The term cabbage is a derived from the French word, caboche meaning "head." The cabbage family is large and includes kale, collards, kohlrabi, and Brussels sprouts. In years prior to local farmer’s markets and Whole Foods, most of America was relegated to mundane heads of white cabbage, which because it was wildly inexpensive, made it’s way to the dinner table far more frequently than anyone preferred. It was most often finely shredded and drenched in some sort of creamy sauce and served at every cookout ever. During winter months, it was boiled or braised and served with pork chops and ham or as sauerkraut served with sausages.

Had any of us known how outrageously delicious grilled cabbage was, it would have been a dinner time game changer. Grilling cabbage adds a smokiness and char in addition to caramelization that occurs when the natural sugars boil at temperatures above 300 degrees. The flavors run deeper and the sugars get sweeter. The blackened edges or “char” (the burnt bits), add yet another layer of flavor and texture.

1 head of cabbage
3 tablespoons olive oil
Juice of a lemon
2 teaspoons Dijon mustard
Sea salt and freshly ground pepper

The best way we've found to grill cabbage is to cut it into large wedges, leaving the core intact. This helps to keep all the cabbage leaves together as it grills, and gives you plenty of surface area for charring. The idea is to char the exterior on all sides while cooking the interior so that it is soft but not mushy with a tiny bit of raw crunch at the core. You want the edges get a little blackened, and the cabbage to be warmed through. Because it can be difficult to control, the exact temperature of the grill, it is important to pay attention to the smell and appearance before flipping the wedges over or removing from the grill.

While the cabbage is grilling, mix together the olive oil, lemon juice, Dijon mustard, and salt and pepper whisking until smooth and creamy.

For times when grilling is impossible or impractical, you can char your cabbage under the broiler of your oven. Set the broiler on high heat and place the cabbage wedges in a single layer on a baking sheet lined with parchment or foil. Place the baking sheet under the broiler and cook for about ten minutes or until the edges chars nicely.

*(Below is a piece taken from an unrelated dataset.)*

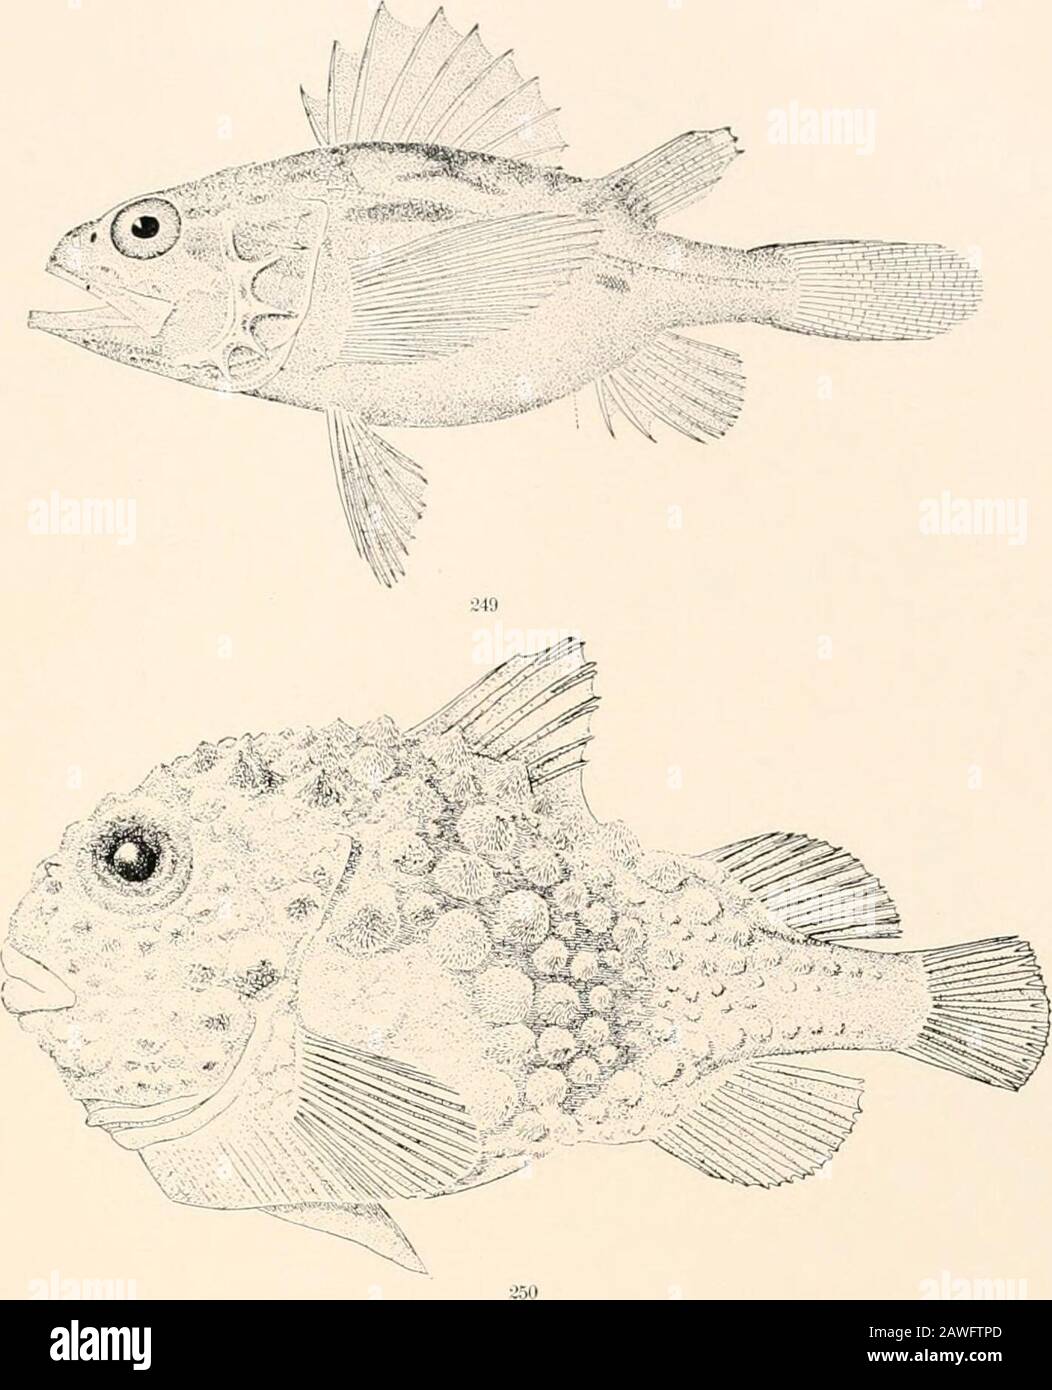 Oceanic ichthyology, a treatise on the deep-sea and pelagic fishes of the world, based chiefly upon the collections made by the steamers Blake, Albatross, and Fish Hawk in the northwestern Atlantic, with an atlas containing 417 figures . .17 PONTINUS MACROLEPIS (p. 257.) 248. Sebastes mahinus. (p. 260.) GOODE AND BEAN—OCEANIC ICHTHYOLOGY. PLATE LXX. Stock Photo

Remove the sheet from the oven and flip the wedges and broil for another 10 minutes or so to char the second side. Make sure you are running your vent fan, as there will be a strong smell as the outer leaves burn.

Once cooked and cooled, the wedges can be served whole (like a wedge salad with bleu cheese dressing and bacon bits) or sliced to make a chopped-style salad as we prefer. Even without dressing, it is pretty darn good with a smoky flavor that penetrates deep into its layers, with a great contrast between the nutty sweetness of the charred exterior and the fresh crunch of the center.

Slice the wedges into ½-inch strips and coat with the vinaigrette. Let the salad rest for a few minutes before serving to allow the dressing to saturate the cabbage.  Any leftovers can be refrigerated and served as a cold salad the next day and works well as a sandwich topping.